(Beginning of DATA SECTION)

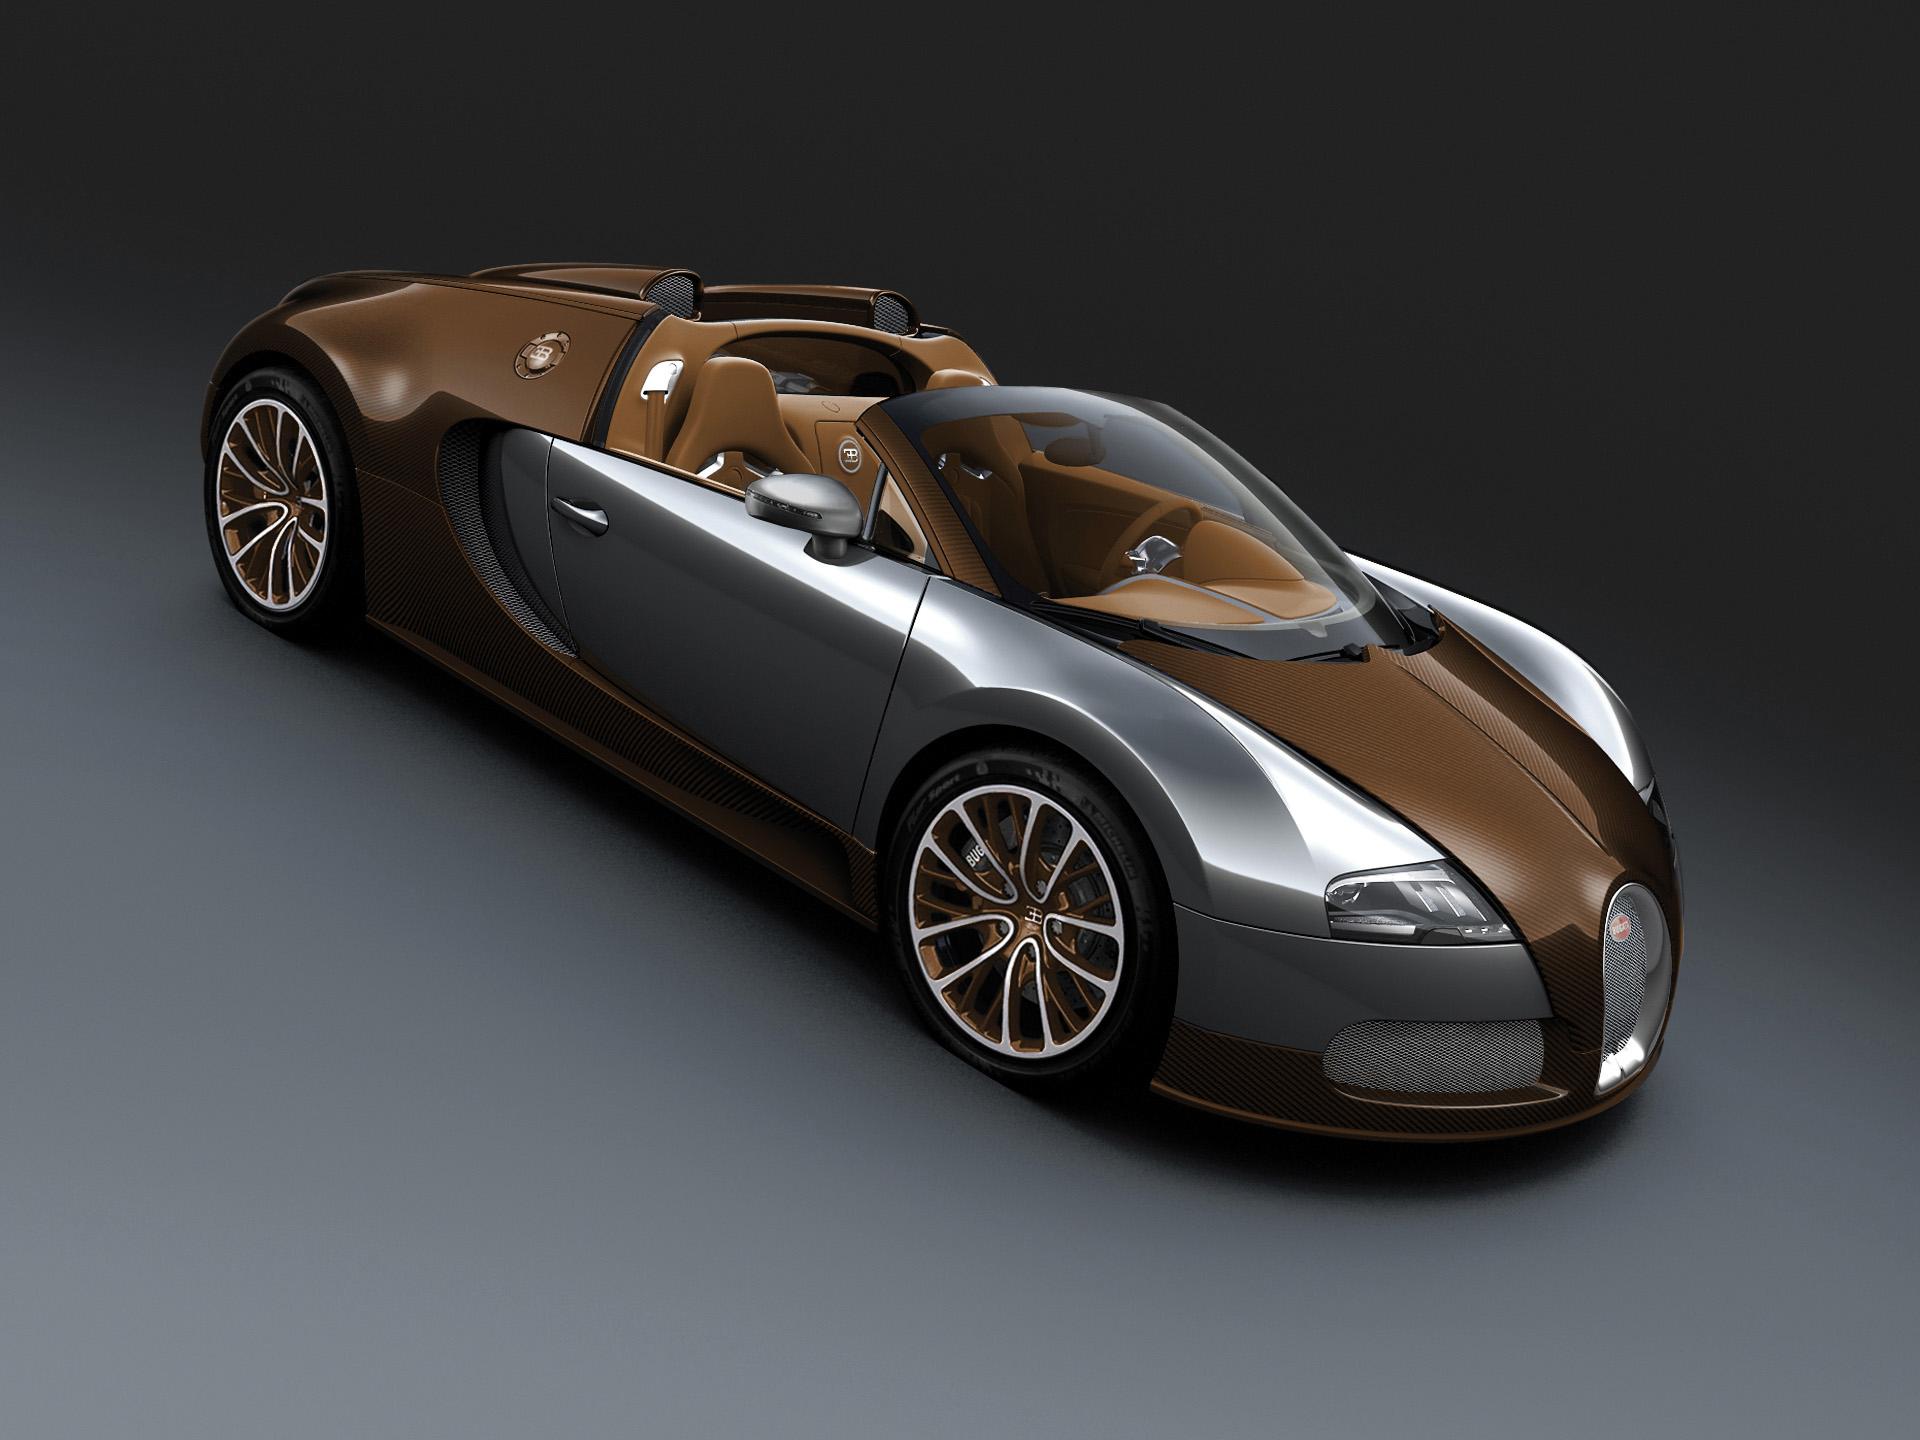 2012-Bugatti-Veyron-16-4-GS-Brown-01 Remarkable Bugatti Veyron Grand Sport 2015 Price Cars Trend
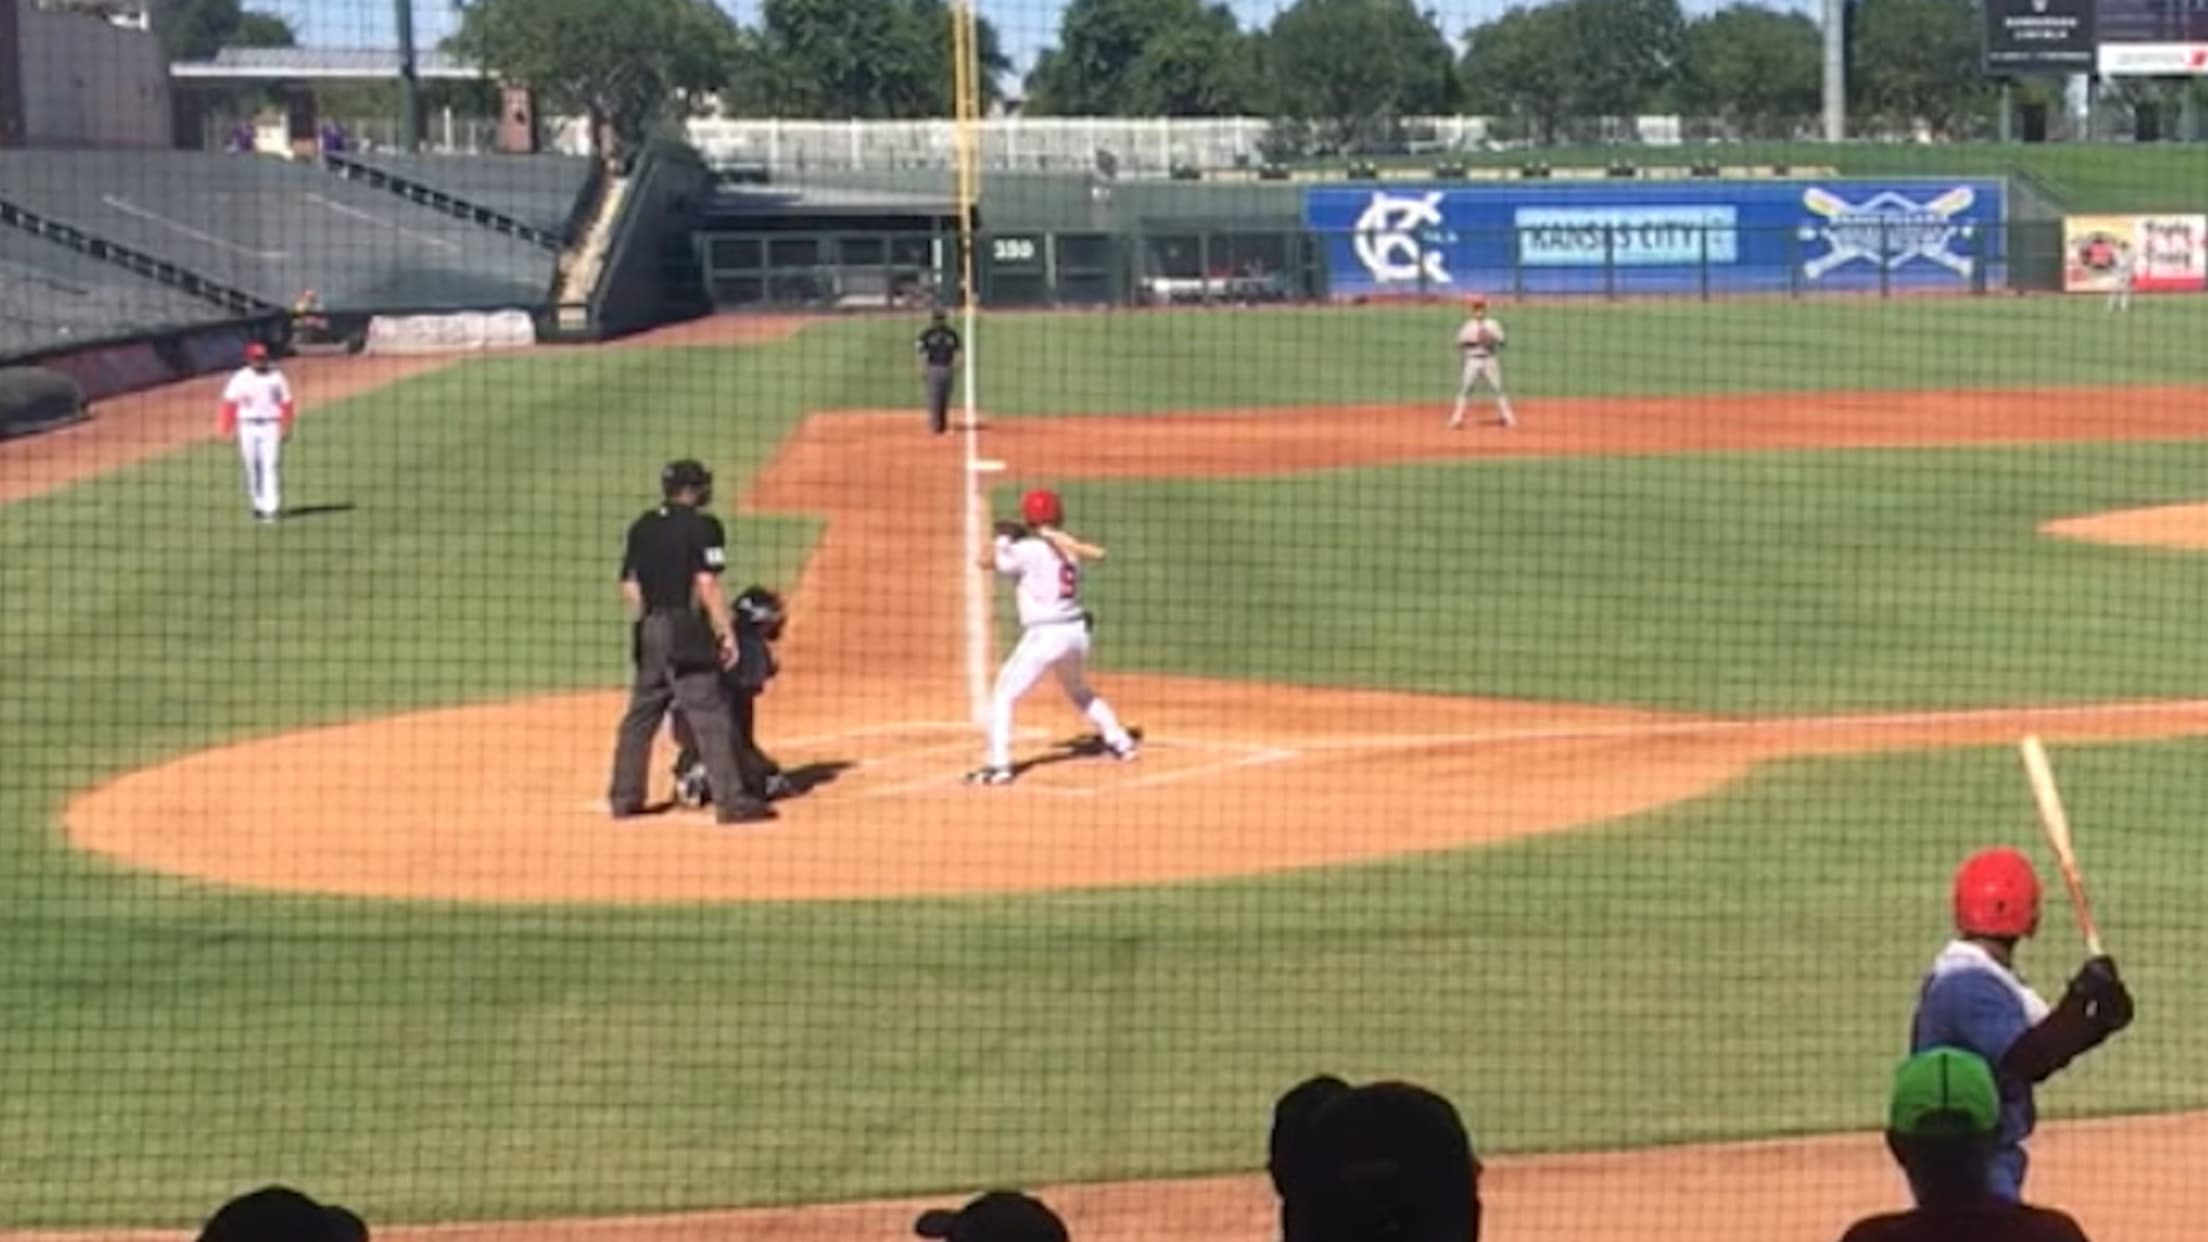 Jackson Cluff towers a home run
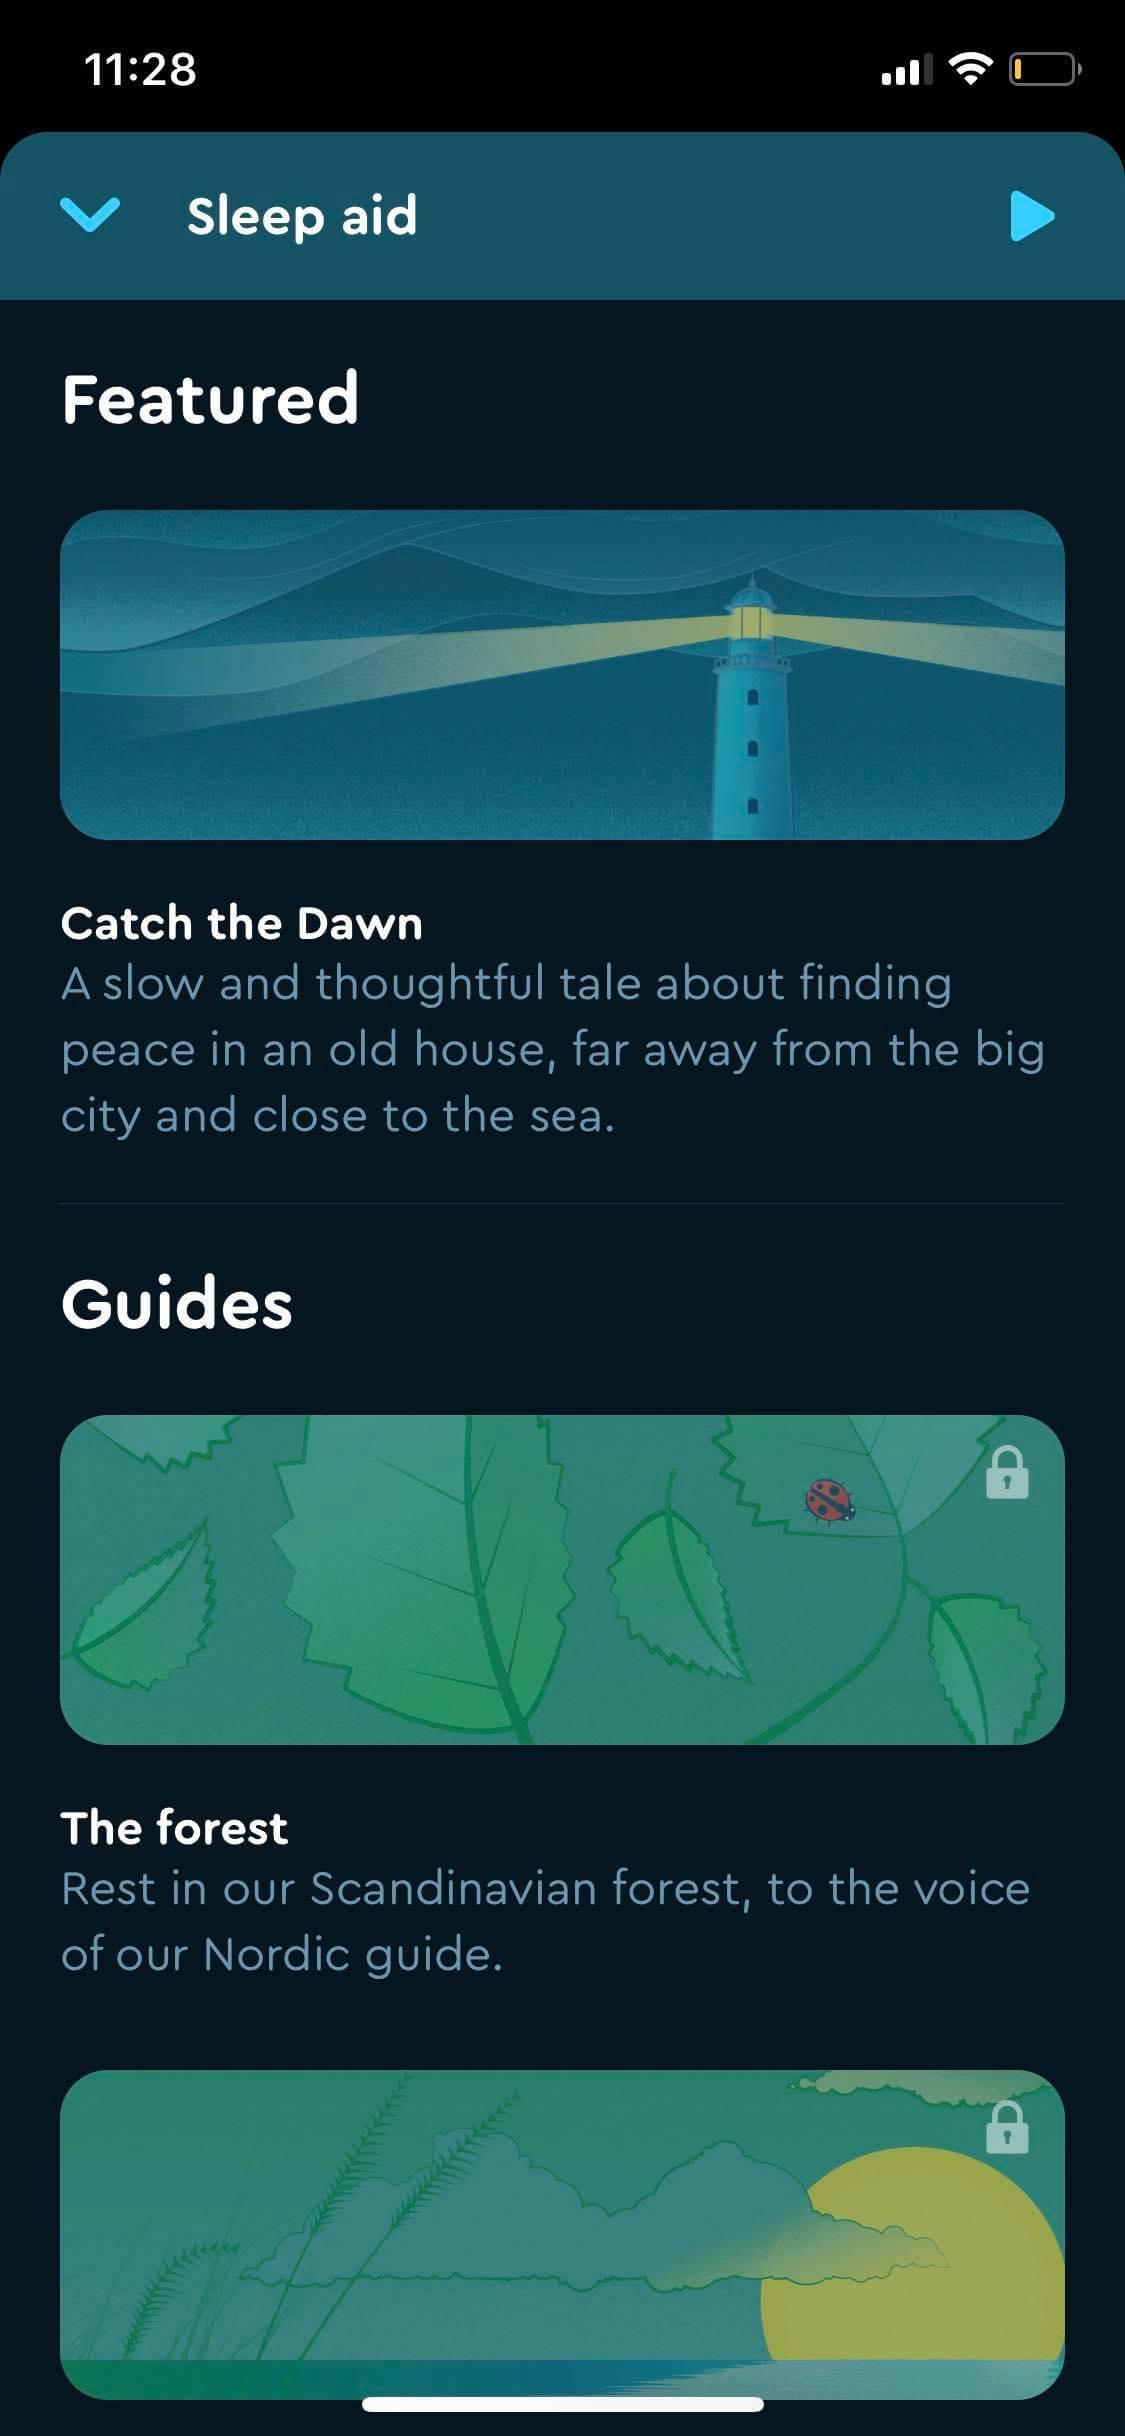 Sleep Aid on iOS by Sleep Cycle from UIGarage

(End of DATA SECTION)

■ TASK TO COMPLETE
In your copy of the data above, leave out the pictures and repeat everything else exactly.

■ REPLY
 2012-Bugatti-Veyron-16-4-GS-Brown-01 Remarkable Bugatti Veyron Grand Sport 2015 Price Cars Trend
 Jackson Cluff towers a home run
 Sleep Aid on iOS by Sleep Cycle from UIGarage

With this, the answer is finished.